# New member - supply question



## romexrocket (Oct 3, 2007)

Russell said:


> Hi, i trained as electrician with British Steel, now want to move into domestic instalation, and have some questions if anyone can advise:
> If I am working on the CU how do I get the supply disconnected, the incoming cable has wire crimps on so i guess i don't remove them, who do i contact? Also if i am doing a partial rewire and want the CU supply OFF then how do i go about having power to work with?


 
Probably have to get a temporary saw pole for temp power.


----------



## chrisb271 (Jul 6, 2007)

Hi Russell,you need to contact your electricity supplier to make alterations to your metering and supply layout,they then put you a 100 amp switch in the tails to your consumer unit you then can isolate your supply as and when you like.
This service will cost you though.

I have seen the seals cut on the cut out fuse BUT I DON'T AGREE WITH THIS WAY OF DOING THINGS.
The metering people usually just come along and reseal it though.
When i worked for the supply company they used to fine people for doing such.


Chris


----------



## frank (Feb 6, 2007)

Russell

Just to add to Chris's comments. You can break the supply fuse seal if you are registered with the Supply Company.But you must first notify them and then reseal with a temporary seal pack they will have provided. Where you cannot contact them prior to breaking the seal - as in the case of refitting a hazardous Mains Incomer etc - you must again reseal and notify later. This is the situation with Yorkshire Electric and NorWeb so I guess all other Companies are the same.

Frank


----------



## Tricky4a (Dec 15, 2007)

*Free!*



chrisb271 said:


> Hi Russell,you need to contact your electricity supplier to make alterations to your metering and supply layout,they then put you a 100 amp switch in the tails to your consumer unit you then can isolate your supply as and when you like.
> This service will cost you though.
> 
> I have seen the seals cut on the cut out fuse BUT I DON'T AGREE WITH THIS WAY OF DOING THINGS.
> ...


The good news is it is actually free!

Under the continuity of supply act the supplier of the electicity into the premises must provide a way of locally isolating the supply.
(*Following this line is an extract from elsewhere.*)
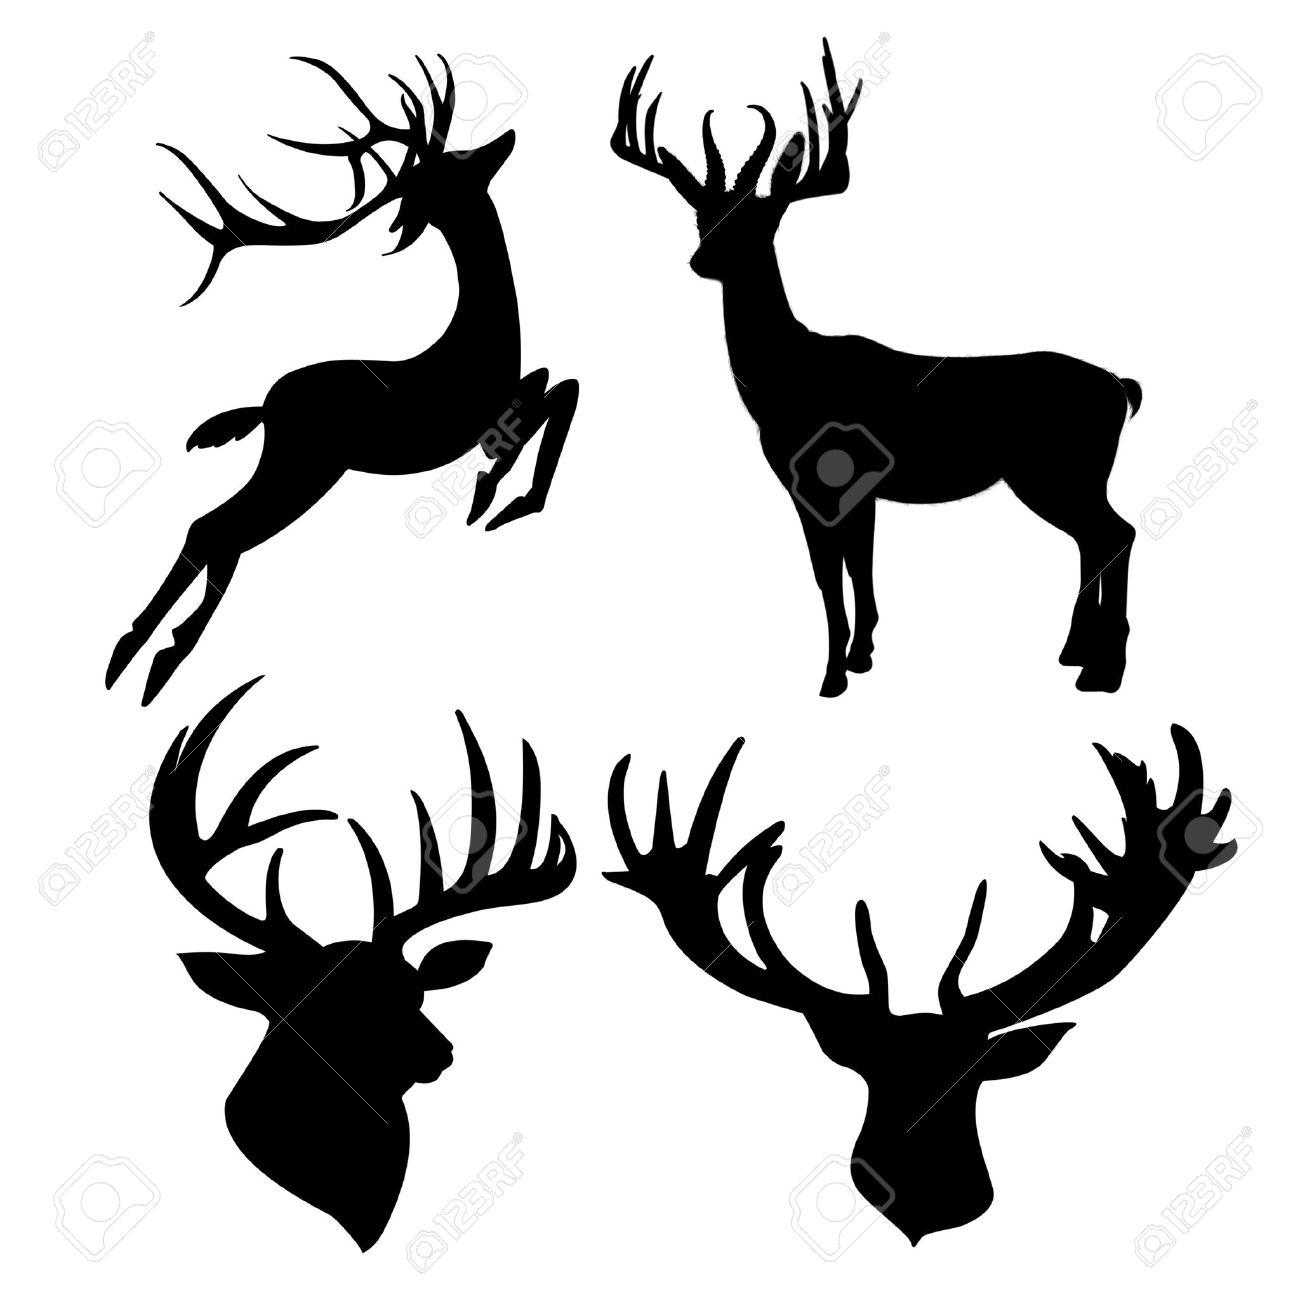 6,062 Elk Stock Vector Illustration And Royalty Free Elk Clipart.

You will get the run around from various departments but if you are prepared to argue they will do it. If I have to make the phone calls I charge £35 to get it sorted out. The supplier is on top of the utility bill.

I use it as a way of establishing a little trust with the client from the beginning.


Fill your boots boys!


----------



## philip657 (Dec 15, 2007)

tricky are you sure thay HAVE to fit one 

i am haveing the argument with them atm and i have been told i have to fit it test it and they will come back and turn the power back to when they can see its tested (dont ask how to do th live test with it off) 

is there some were in the books that stats they have to 


thanks Philip


----------



## Minky (Dec 30, 2007)

Philip:-
Cannot really see why a supplier would wish to see installation test results??
Years ago this was the case if a disconnector switch was not fitted then the supplier could be potentially introducing a hazardous voltage into the installation.Supplier would fit tails from installation direct into meter.
Todays standard in my part of the woods is that for new installations/upgrades a disconnector switch would be fitted to allow the contractor to connect to the unsealed side of the switch as and when required,therefore the onus is on the contractor to ensure the safety of the installation prior to energizing.In my opinion the latter is the preferred method!,since the contractor doesnt have to be on site at the same time as the electricity supplier.:thumbsup: 
Certainly easier to isolate and lock off a dangerous supply than removing fuses again leaving access to the incoming supply fairly easy,and not forgetting free leccy!


----------